Beispiele zur Veranschaulichung
Beispiel 1: Einfache Zusammenführung
python
import pandas as pd
left_df = pd.DataFrame({
'id': [1, 2, 3],
'name': ['Alice', 'Bob', 'Charlie']
})
right_df = pd.DataFrame({
'id': [2, 3, 4],
'age': [25, 30, 35]
})
merged_df = pd.merge(left_df, right_df, on='id')
print(merged_df)
Ausgabe:
id name age
0 2 Bob 25
1 3 Charlie 30
Beispiel 2: Zusammenführung mit mehreren Schlüsseln
python
left_df = pd.DataFrame({
'id': [1, 2, 3],
'name': ['Alice', 'Bob', 'Charlie'],
'city': ['New York', 'London', 'Paris']
})
right_df = pd.DataFrame({
'id': [2, 3, 4],
'age': [25, 30, 35],
'city': ['London', 'Paris', 'Berlin']
})
merged_df = pd.merge(left_df, right_df, on=['id', 'city'])
print(merged_df)
Ausgabe:
id name city age
0 2 Bob London 25
1 3 Charlie Paris 30
Beispiel 3: Zusammenführung basierend auf Indizes
python
left_df = pd.DataFrame({
'id': [1, 2, 3],
'name': ['Alice', 'Bob', 'Charlie']
}, index=['a', 'b', 'c'])
right_df = pd.DataFrame({
'age': [25, 30, 35]
}, index=['b', 'c', 'd'])
merged_df = pd.merge(left_df, right_df, left_index=True, right_index=True)
print(merged_df)
Ausgabe:
id name age
0 2 Bob 25
1 3 Charlie 30
Schlussfolgerung
Die `merge()`-Funktion in Pandas ist ein vielseitiges Werkzeug für die Datenintegration und -analyse. Durch flexible Konfigurationsmöglichkeiten können Datenwissenschaftler und Analysten Daten aus unterschiedlichen Quellen zusammenführen, um umfassende Analysen und wertvolle Einsichten zu generieren.
Ein gutes Verständnis der `merge()`-Funktion – ihrer Syntax, Parameter und Optionen – ist für eine effiziente Nutzung von Pandas in der Datenmanipulation unerlässlich. Durch praktische Übung und Experimente mit verschiedenen Merge-Szenarien können Datenexperten ihre Fähigkeiten verbessern und fundierte, datengestützte Entscheidungen treffen.

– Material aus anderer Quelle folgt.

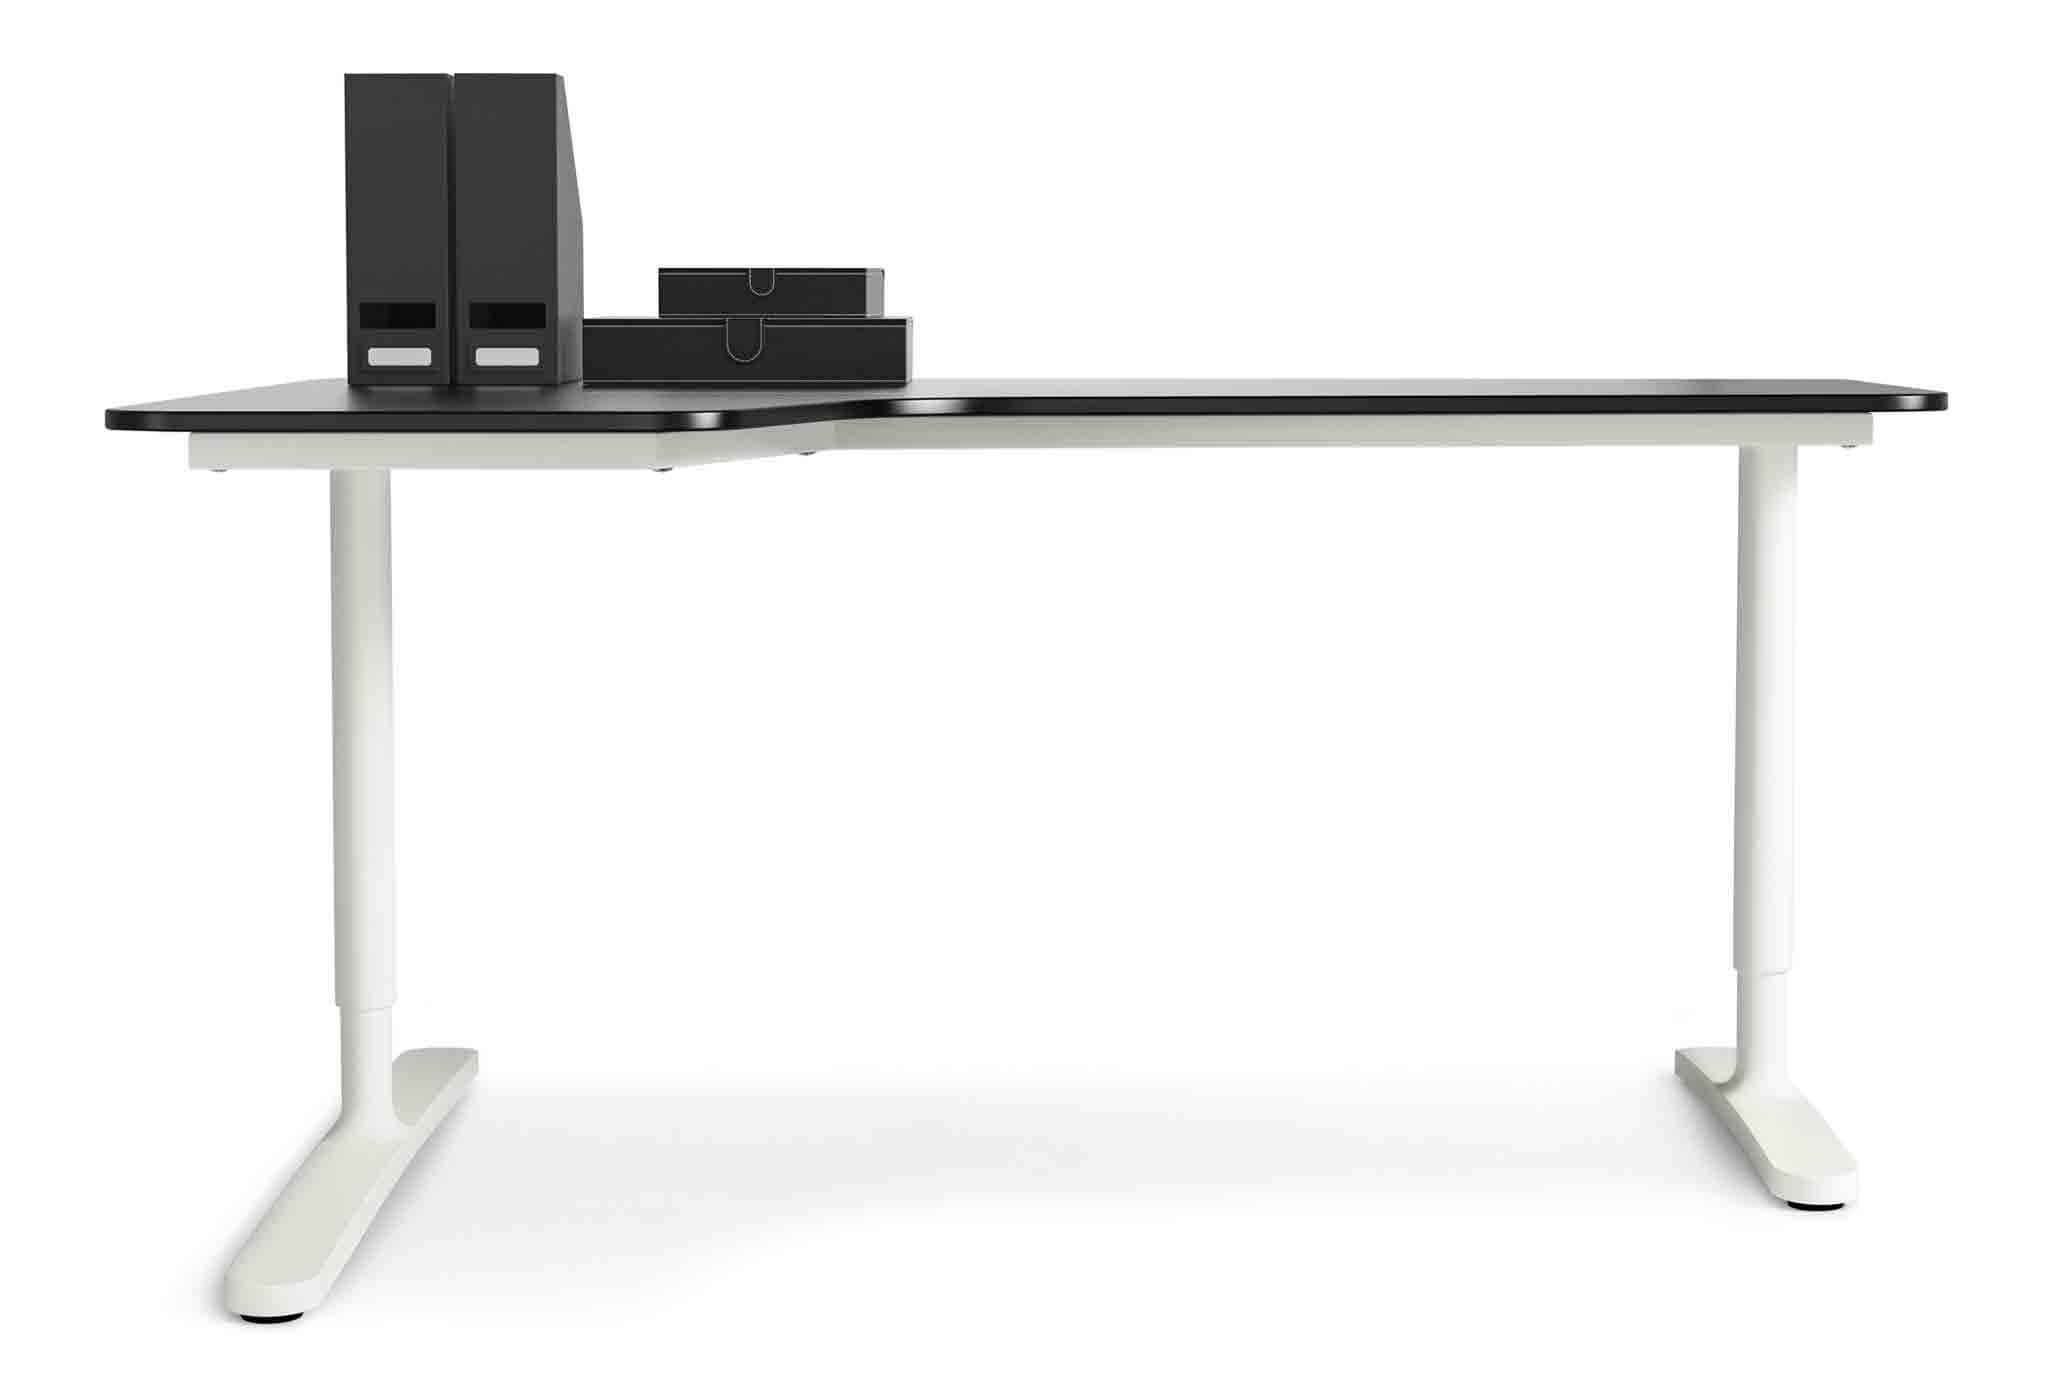 Ikea Mesas Oficina – Sharon Leal

Häufig gestellte Fragen (FAQs)
1. Wann sollte man `how=’left’` oder `how=’right’` verwenden?
– `how=’left’` behält alle Zeilen des linken DataFrames und fügt passende Zeilen aus dem rechten DataFrame hinzu. `how=’right’` behält alle Zeilen des rechten DataFrames und fügt passende Zeilen des linken DataFrames hinzu.
2. Wie verhindert man Duplikate bei einer Zusammenführung?
– Mit der Option `indicator=True` wird eine Spalte ‚_merge‘ hinzugefügt, die die Art des Merges angibt. So können Duplikate herausgefiltert werden.
3. Wie kann man die Reihenfolge der Spalten im Ergebnis beeinflussen?
– Die Spalten des Ergebnisses können durch `sort=True` alphabetisch sortiert werden.
4. Was ist der Unterschied zwischen `inner`, `left` und `right` Merge?
– `inner` gibt nur übereinstimmende Zeilen zurück. `left` gibt alle Zeilen des linken DataFrames und die passenden des rechten zurück. `right` gibt alle Zeilen des rechten DataFrames und die passenden des linken zurück.
5. Wie kann die Leistung der `merge()`-Funktion verbessert werden?
– Das Setzen von Indizes auf den Spalten, die für den Merge genutzt werden, kann die Performance erhöhen.
6. Was bedeutet `left_index=True` oder `right_index=True`?
– Diese Optionen legen fest, dass die Indizes des jeweiligen DataFrames als Schlüssel für den Merge dienen sollen.
7. Kann man mit `merge()` mehr als zwei DataFrames zusammenführen?
– Ja, man kann mehrere DataFrames nacheinander mergen.
8. Wie kann `merge()` mit relationalen Datenbanken genutzt werden?
– Daten aus Datenbanken können mit `pandas.read_sql()` importiert und dann mit `merge()` verknüpft werden.
9. Wie hilft `merge()` bei der Feature-Generierung?
– Durch die Kombination von Daten aus verschiedenen Quellen entstehen neue Features, die nützliche Informationen für Machine Learning liefern.
10. Welche zusätzlichen Möglichkeiten bietet `merge()` noch?
– Die `merge()`-Funktion bietet weitere Optionen, wie beispielsweise das Festlegen von Suffixen für gleiche Spaltennamen und die Beschränkung des Merges auf bestimmte Spalten.